Christopher Day and Sean Swigman spent 18 months discussing a massive pain point in marketing before launching Demand Jump in February 2015. Swigman, who had been CMO at Overstock through its growth from $3M to $800M and IPO, saw firsthand that marketers were blind to their actual digital ecosystem. "The internet came along and everybody forgot about location, location, location," Day recalls. "Marketers today are measured on new customers and revenue, but they have no visibility into where to actually find qualified traffic." They discovered that 90% of the 5,000+ martech tools were either silo-based or retention-focused—nobody solved acquisition at scale.

Building the First Version

After launching in February 2015, the team spent months testing their core thesis before building what they called "the world's first traffic cloud" starting in October 2016. They went to market with version 1.0 to beta customers in July 2016, then launched version 2.0 just two weeks before this interview.

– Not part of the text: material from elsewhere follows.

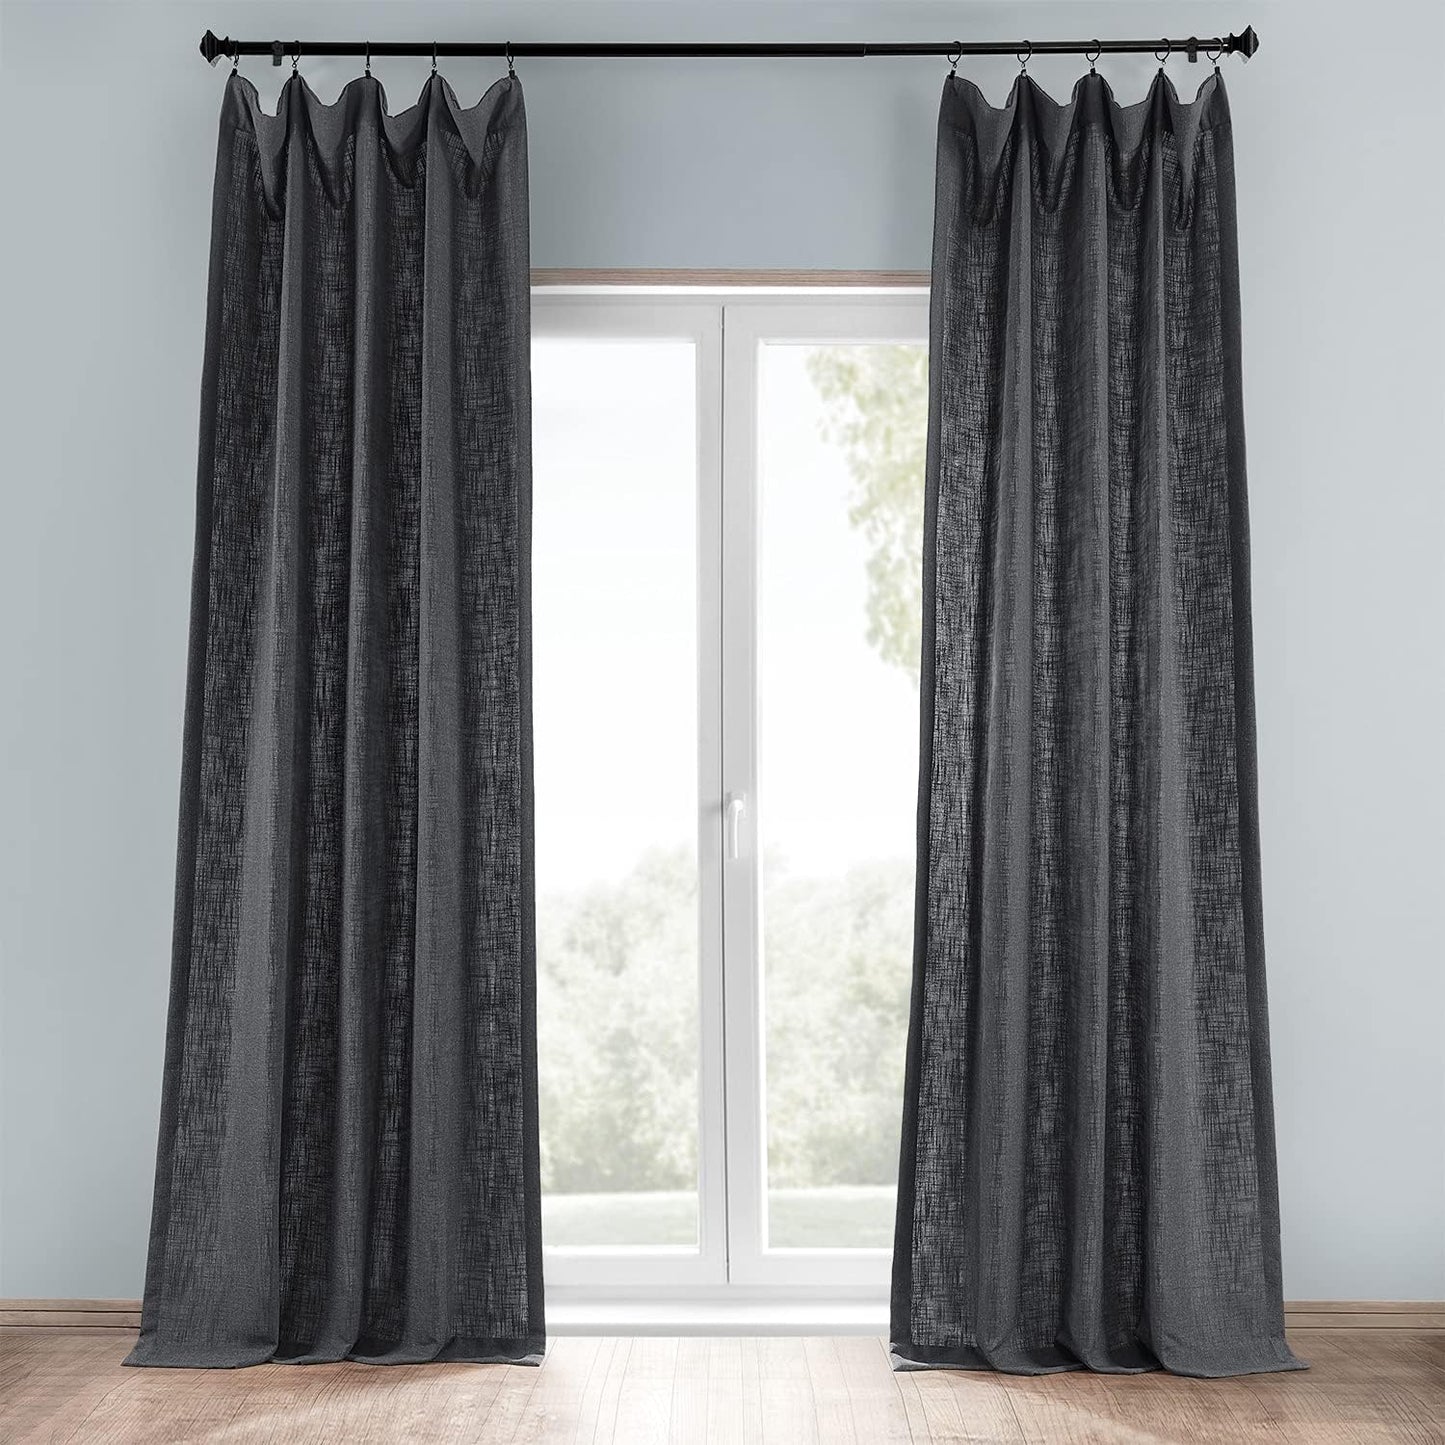 HPD Half Price Drapes Semi Sheer Faux Linen Curtains for Bedroom 96 Inches Long Light Filtering Living Room Window Curtain (1 Panel), 50W X 96L, Rice White  EFF Slate Grey 50W X 120L 
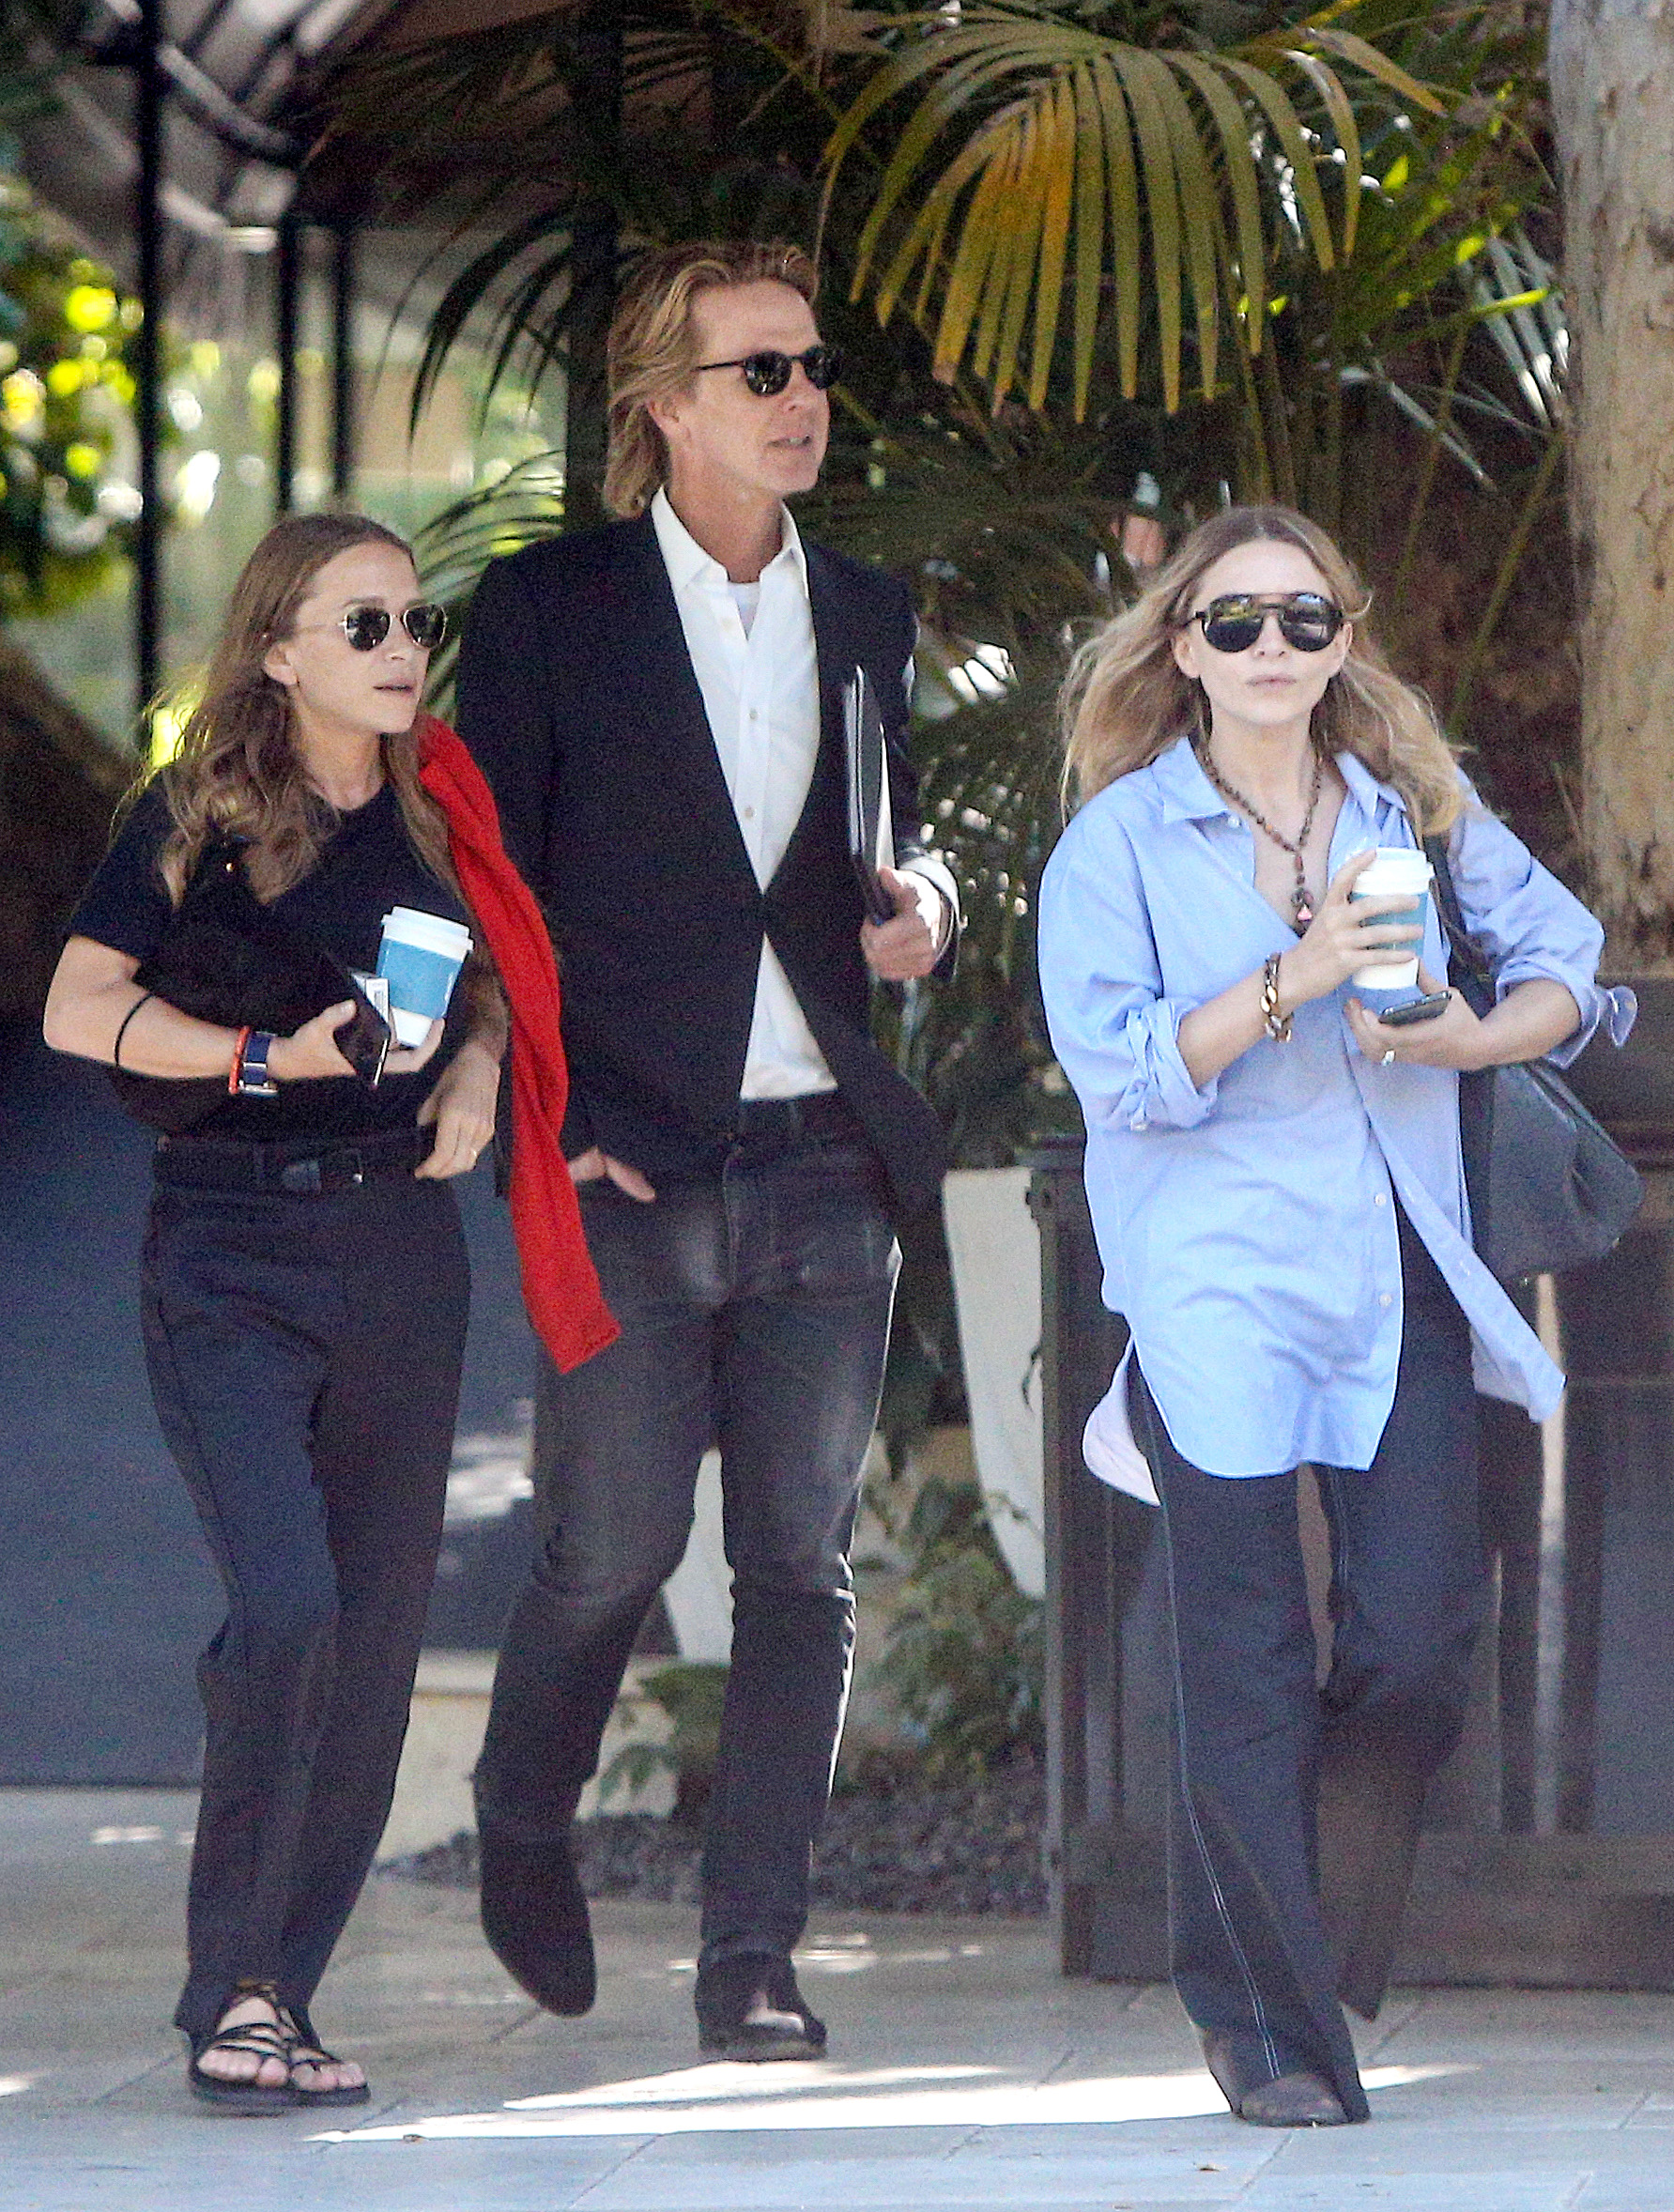 Mary Kate Olsen Twins Porn - The Olsen Twins Look Chic While Stepping Out for a Meeting in L.A.

The platform takes a customer's actual data, overlays their competitive digital ecosystem, and analyzes all data across channels to show exactly where to focus to capture qualified traffic. Day raised $4M in capital from angel investors including Bill Godfrey (co-founder/CEO of Aprimo, which sold to Teradata), Tim Kopp (former CMO of Exact Target, which sold to Salesforce for $2.6B), and other martech veterans who understood the gap they were filling.

Finding the First Customers

Demand Jump pursued high-touch enterprise sales with strategic positioning. Day says he'd "do anything to acquire a customer"—willing to meet prospects at midnight in a bar if needed. The strategy paid off: by interview time, they had 22 customers with an average annual contract value of $45,000 (though new contracts were running $150k$200k). They retained 89% of customers annually on both a logo and revenue basis, with a three-month payback period on their ~$10k customer acquisition cost. Most customers (8 of 10) paid annually upfront, giving them immediate cash flow.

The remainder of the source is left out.